IUC FAQ

When do I apply for the 10-Month Program?
Applications for the 10-Month Program are usually due in the middle of January of the year of attendance (i.e. for the program beginning September 2019, applications are due January 2019).

When do I apply for The Nippon Foundation Fellows program?
Applications for The Nippon Foundation Fellows PhD program and The Nippon Foundation Fellows MA/MS/MBA/JD program are usually due in the middle of December, the year prior to attendance (i.e. for the program beginning September 2019, applications are due December 2018).

When do I apply for the IUC Summer Program?
The Summer Program application is due March of the year of attendance (i.e. for the program beginning June 2019, applications are due March 2019).

How do I apply for the 10-Month Program?
Applications will be made available on this website in the months prior to the deadline and submitted via Interfolio.com. You will need a CV, transcripts, two general references and a language reference, and a request for the mandatory proficiency exam. There is a non-refundable application fee payable by credit card.

How do I apply for The Nippon Foundation Fellows program?
Applications will be made available on this website in the months prior to the deadline and submitted via Interfolio.com. You will need a CV, transcripts, two general references, and a language reference, and a request for the mandatory proficiency exam. There is a non-refundable application fee payable by credit card.  You do not need to complete the 10-month application.

How do I apply for the IUC Summer Program?
Applications will be made available on this website in the months prior to the deadline and submitted via Interfolio.com. You will complete a Summer Application form, Summer Language Evaluation Form, Summer Essay Form and transcripts.  The Summer Language Evaluation form must be filled out by someone (preferably a Japanese Language teacher) qualified to judge your proficiency in Japanese.  There is a non-refundable application fee payable by credit card. Only complete applications (including application fee) will be reviewed.

Do I need a visa to study at the IUC Summer Program?
Typically students who hold US passports are able to travel to and enter Japan for up to 90 days on a tourist visa.  However, you must consider your country of origin.  Some countries do not have a reciprocal agreement with Japan.  Students from these countries may be required to obtain a visa.  Please take this information into consideration as you make plans.  We urge you to make early contact with your local Japanese consulate regarding the correct process and procedure for entry into Japan for the summer program.

Ideally I would like to enroll in the IUC Summer Program followed by the 10-Month Program.
These two programs have separate applications, separate application deadlines, and separate Selection Committees.  You will need to apply to each program separately.
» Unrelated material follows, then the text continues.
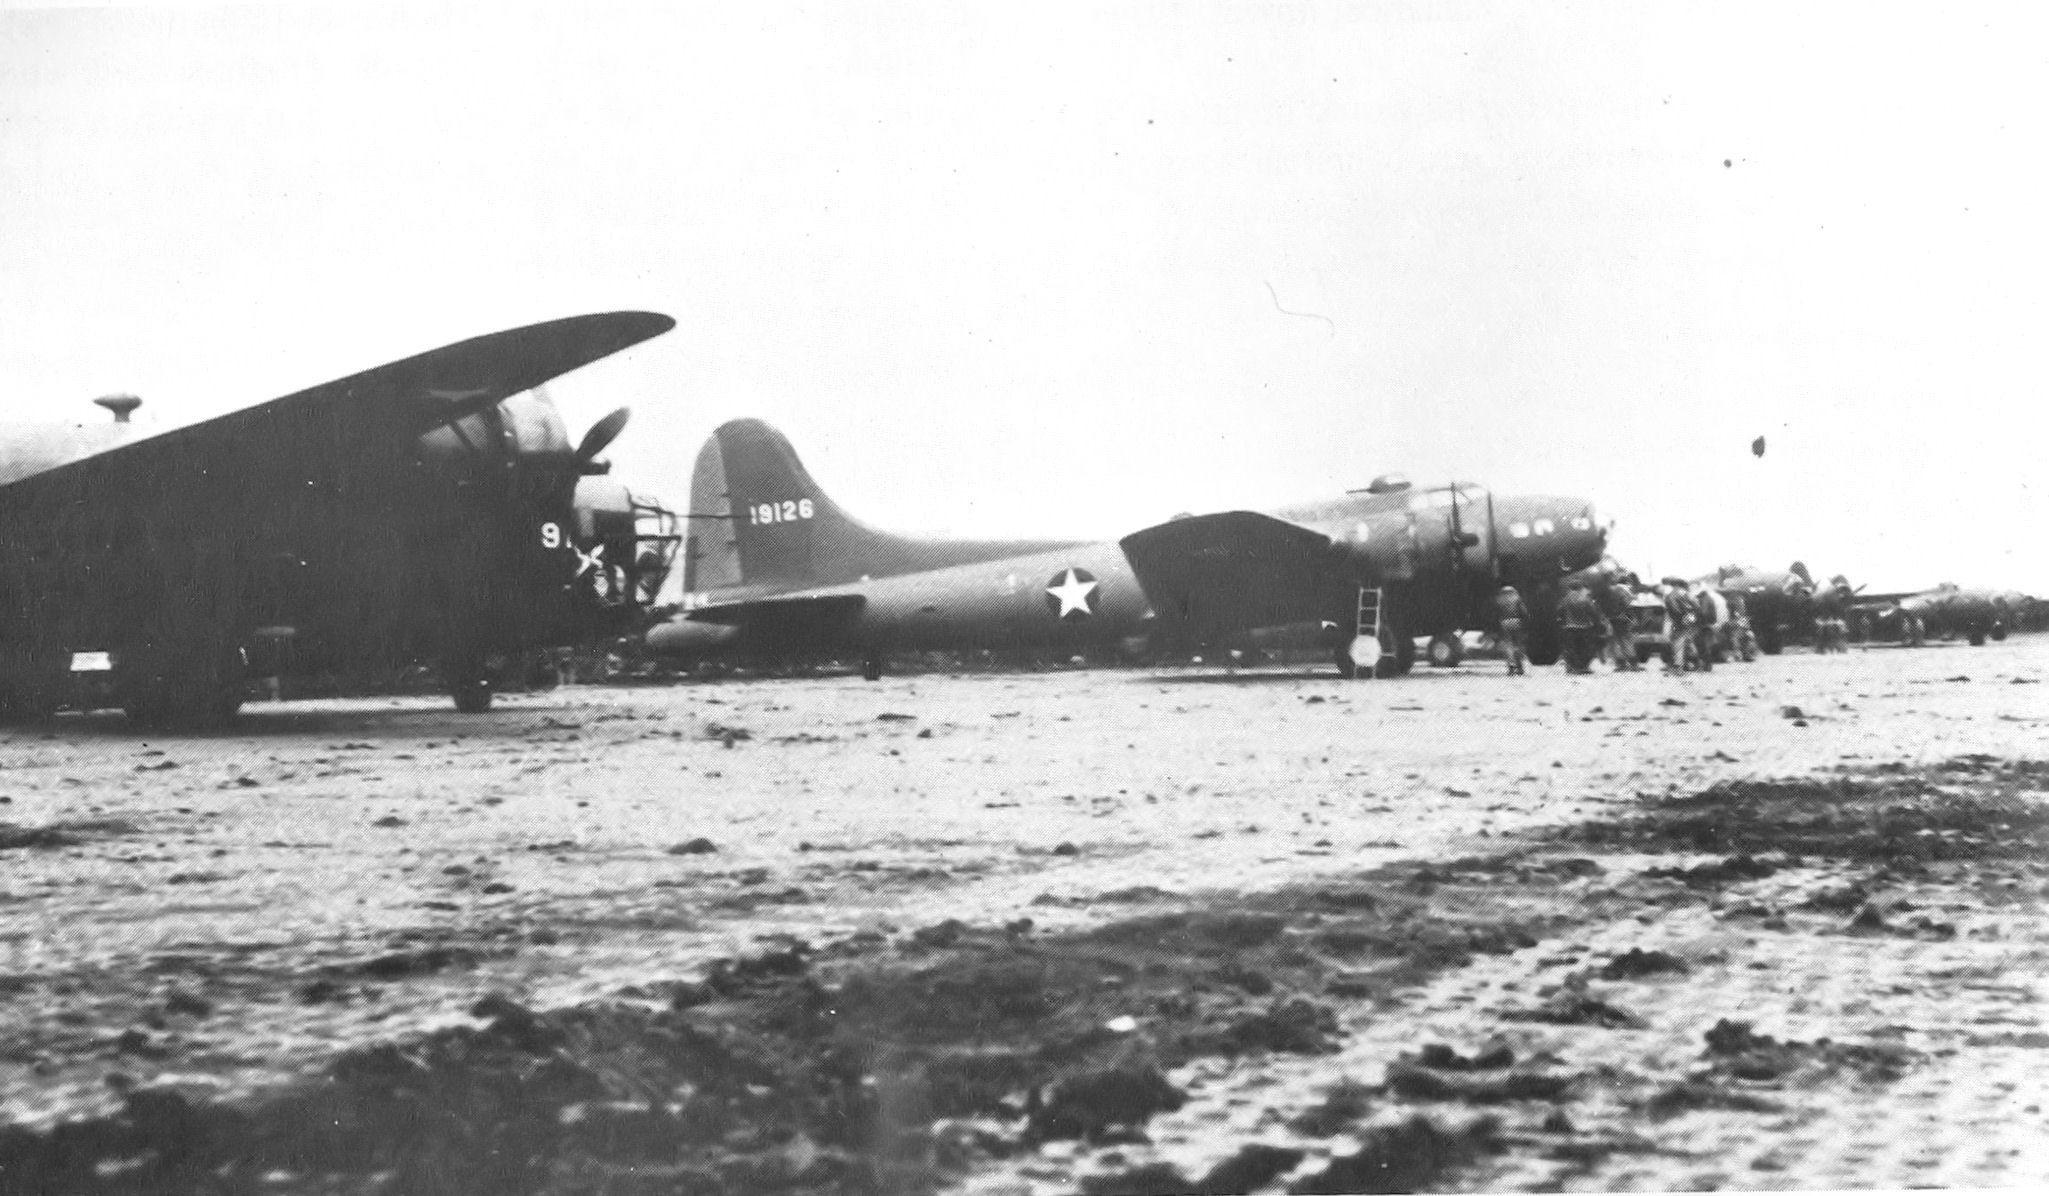 B-17 #41-9126

If I am not selected for the Nippon Foundation Fellows Program, can I still apply to the 10-Month Program?
If you are not selected for the Nippon Foundation Fellows Program, your application will be automatically considered for admission to the 10-Month Program. If admitted to the 10-Month Program you will be considered for any applicable scholarship.

When I apply to the Nippon Foundation Fellows Program do I need to complete a 10-Month application as well?
Submit just one application to the IUC.  Applicants not selected for the NFF will automatically be considered for admission to the 10-Month Program.

Who is eligible to apply to the IUC? (10-Month, NFF, or Summer Programs)
Applicants for IUC programs (1) are graduate students enrolled in a degree program or professional school at a university or college, degree candidates at a university or college, qualified undergraduates, college graduates who intend to enroll in a graduate program or professional school after completing IUC training, or professionals already working in a Japan-related field who hold a degree or advanced degree; (2) have demonstrated outstanding professional promise, as reflected by grades, recommendations, and statements of purpose; (3) have completed two years or more training in a rigorous college-level Japanese language training program or the equivalent; and (4) have obtained an acceptable score on the Inter-University Center Japanese Proficiency Exam.
Applicants for The Nippon Foundation Fellows Program/PhD must be currently enrolled in a PhD program.  Applicants for the Nippon Foundation Fellows Program MA/MS/MBA/JD must be currently enrolled in graduate study or recently graduated. 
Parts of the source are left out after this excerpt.